As soon as he wins he will switch back to the Rat party especially if it gives them charge of the senate.
The dems will rationalize it as a need to move further leftward. Lamont didn't win because he was not liberal and socialist enough. They'll find an even loonier moonbat to put up in the next election.
If I remember correctly, Jumping Jim switched parties in midstream and in doing so, forfeited the Republican majority.
He should have been tarred and feathered.
Surely, you jest.
Count on the dems embracing LIEberman and he giving them a pass for their despicable behaviour towards him.

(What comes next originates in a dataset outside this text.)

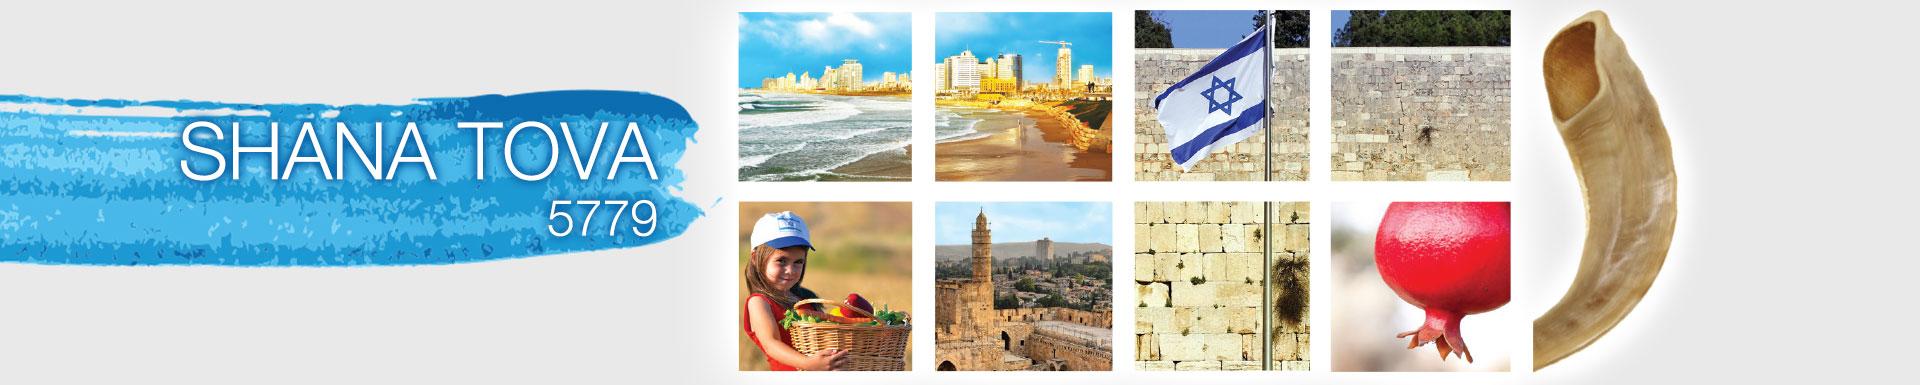 israelbondsdirect Israelbondsintl – Development Company for Israel (International) Ltd.

While the primary win of Lamont over Lieberman gives moveon.org about the only victory it can claim in its sorry history, that Lieberman will likely return to the Senate as an independent is a rather heart-warming irony.
I know that Lieberman is a dyed-in-the-wool liberal who will caucus with the Dems once he returns to the Senate as an indie next year, but I can't help questioning his sanity. Why would he want to continue to work on the side of the people who threw him to the wolves in hopes of engineering his political defeat after all he has done for the political left? I don't understand that allegiance on his part.

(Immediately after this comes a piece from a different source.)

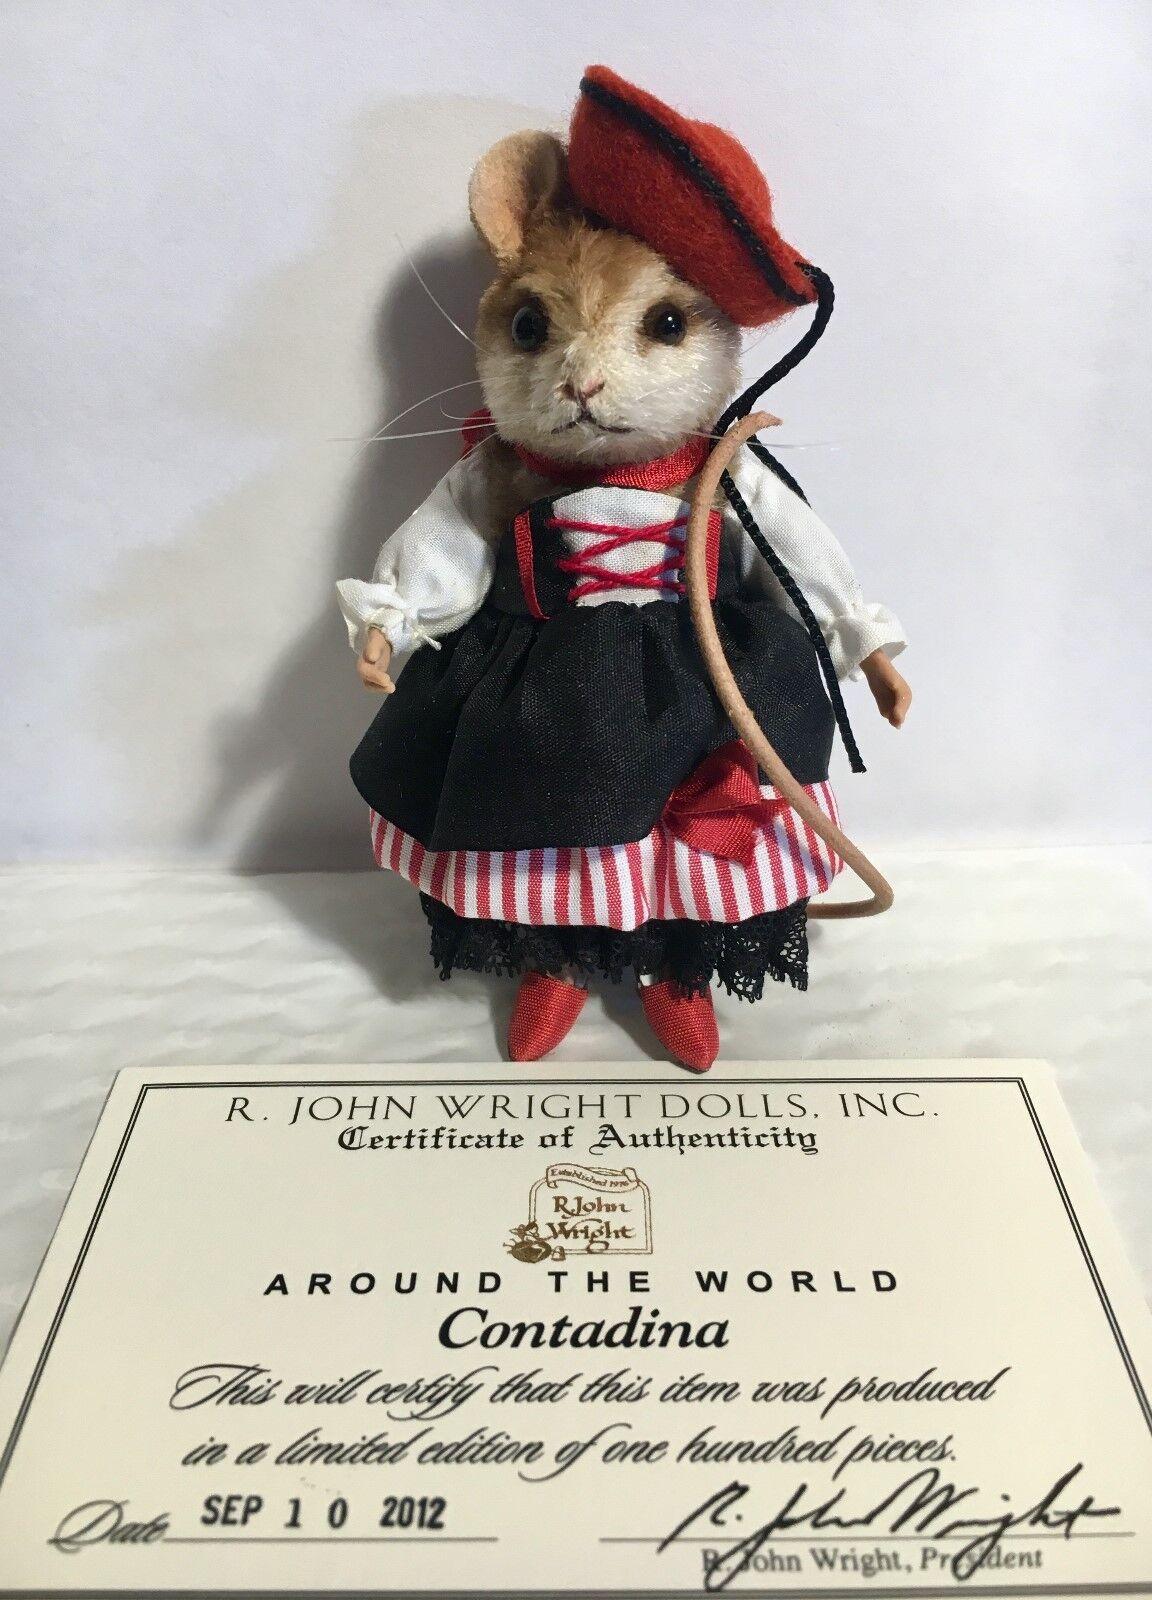 R John Wright ratones-contadina edición limitada de 100 piezas

I sincerely hope that, in the intervening period, Lieberman examines his conscience and his allegiances and sees which side his bread is REALLY buttered on.
(Hint: It ISN'T with the Dems, Joe!)
A fault on the order of, "Aside from that Mrs. Lincoln, how was the play?"
If anyone will have second thoughts after a Lieberman reelection, it will the Democratic caucus in the Senate. If he's the fiftyfirst vote for the Democrats Lieberman will be the best friend they ever had, forever (or until the next election, whichever comes first). He will get whatever committee seats he would have expected before his primary defeat.And I doubt that the situation would be much different if he were the fiftysecond or the fortynineth or fortyeighth Democratic vote. But for now, with the election coming up, they think they have to be distant. The thing that will really stick in their craw will be the pressure he creates to resist the left wing of the party, with the start of a presidential election looming the minute the votes are counted in November.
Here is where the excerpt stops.